Take for example a custody appeal in which Respondent’s brief argues the family court did not abuse its discretion in deciding custody because the Appellant was less involved in the child’s day-to-day care. In reply Appellant could cite evidence in the record that he or she was more involved in the child’s day-to-day care. This essentially challenges the factual argument of the Respondent. Appellant could also reply that he or she should be awarded custody despite the Respondent handling more day-to-day care by citing evidence in the record that would overcome this adverse fact. Again, this is a factual argument. Appellant could reply that an “abuse of discretion” standard of review is too narrow legally. This essentially challenges the legal argument of the Respondent. However the argument that Appellant should get custody because Respondent is unfit would be inappropriate in this reply brief because it is not replying to Respondent’s argument.
The easiest way to organize a reply brief is to make a separate argument for each factual or legal assertion in Respondent’s brief that one is challenging and simply begin each argument by stating where and what the Respondent’s brief argues and then explain why that argument is factually or legally incorrect.
In drafting reply briefs there is a tension between restating arguments from the initial brief to counter factual assertions in the Respondent’s brief and boring the appellate court with redundant arguments. I assume the appellate court will read my initial brief so I try to limit restating factual arguments from the initial brief unless they are necessary to reply to Respondent’s brief. Further a reply brief doesn’t need to counter every argument Respondent makes. For example, in any custody appeal, Respondent can likely make factual arguments supporting his or her claim for custody.
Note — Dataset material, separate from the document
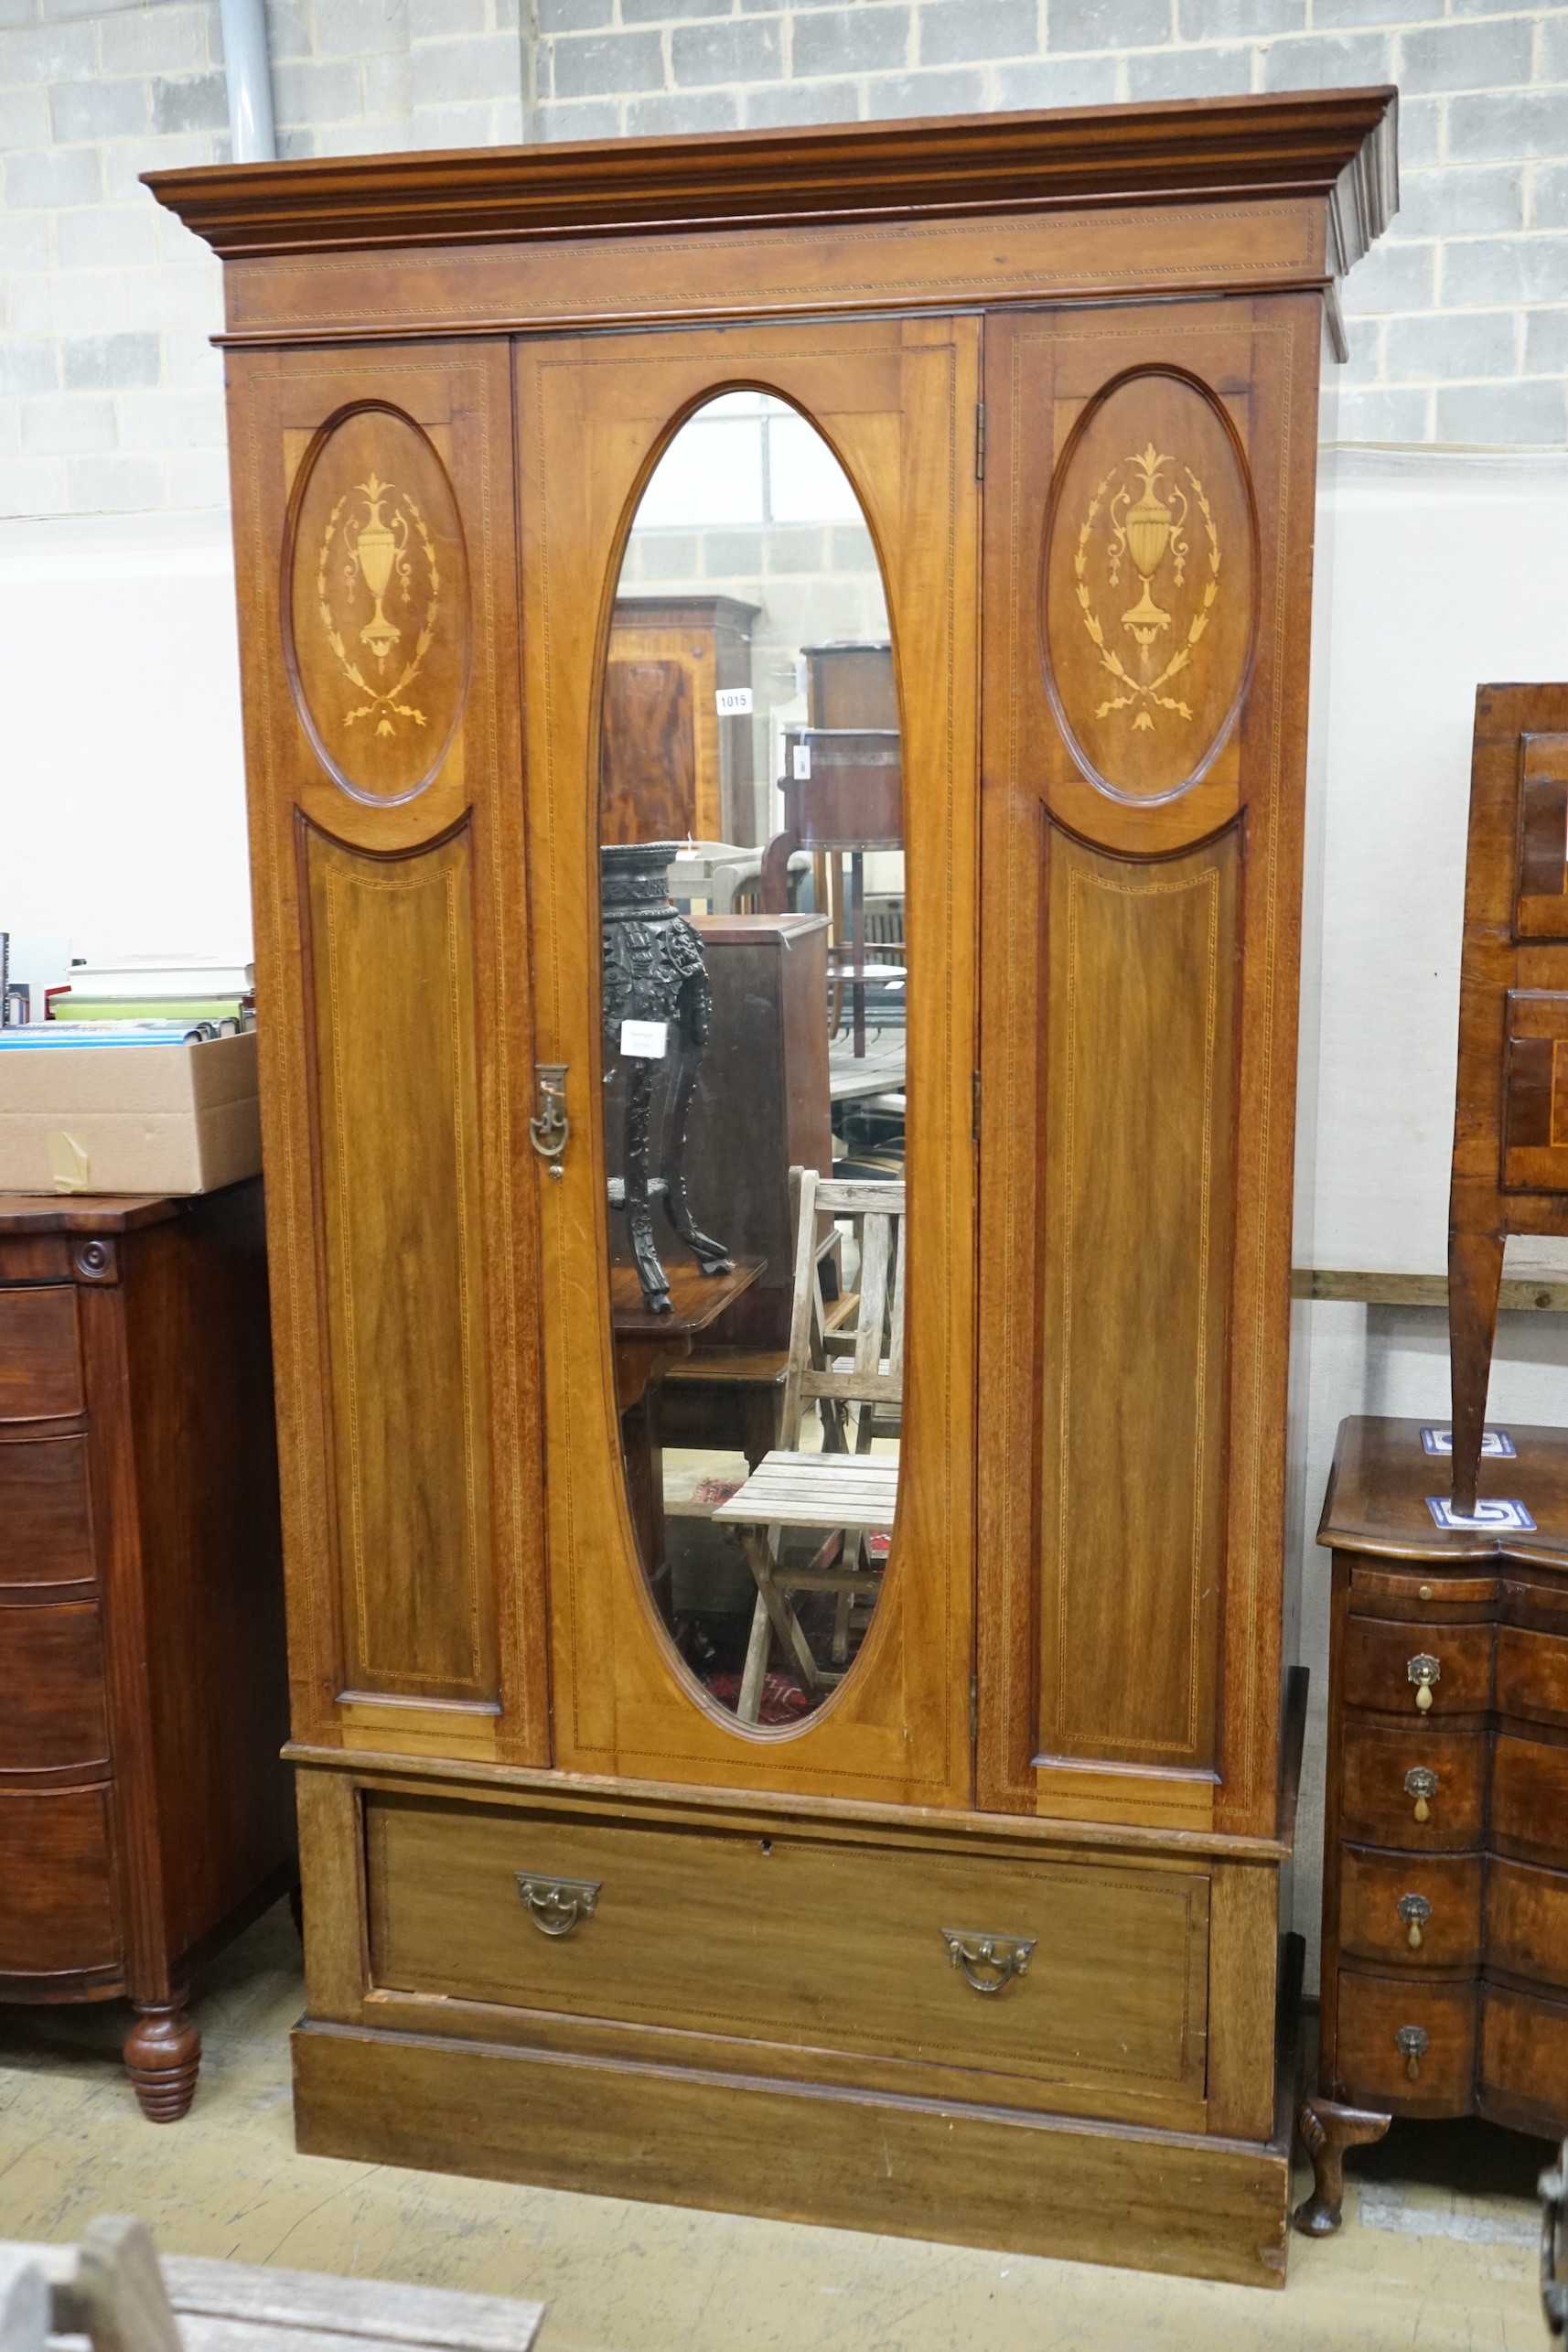 An Edwardian inlaid mahogany wardrobe, width 114cm, depth 48cm, height 204cm

If Respondent’s factual and legal arguments are accurate, there is no compelling reason to “reply” to them. Doing so may merely highlight Respondent’s strengths.
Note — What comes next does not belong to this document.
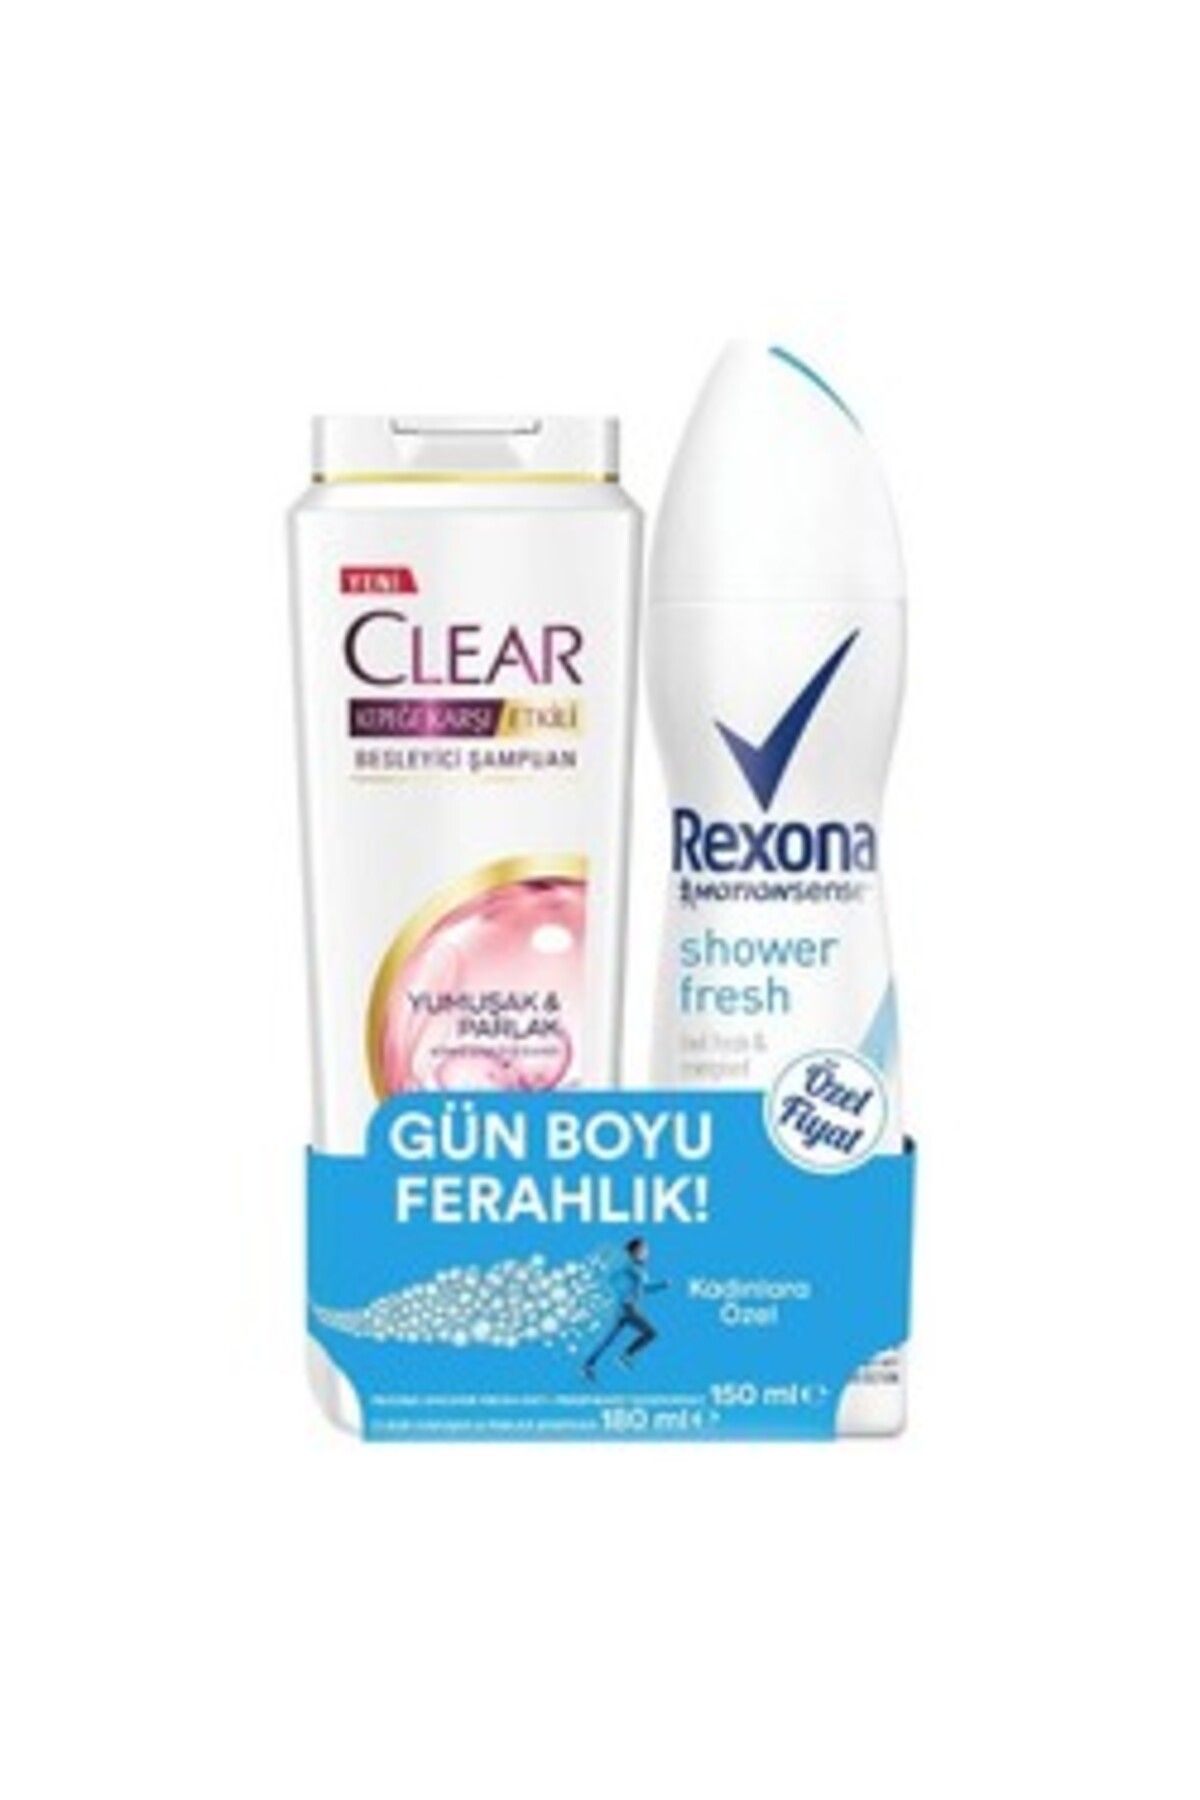 Rexona Kadın Deodorant 150 Ml + Clear Şampuan 185 Ml Set ( 1 ADET )

Only if Respondent makes an argument that Appellant’s initial brief did not address and Appellant can cite legal authority or evidence in the record to undermine the argument, should Appellant reply to it. It is a mistake to reply to every argument Respondent makes. A reply brief shouldn’t merely argue with Respondent’s brief. Rather, it should undermine the factual and legal assertions Respondent makes in support of the lower court’s decision. That is the sole useful purpose of a reply brief.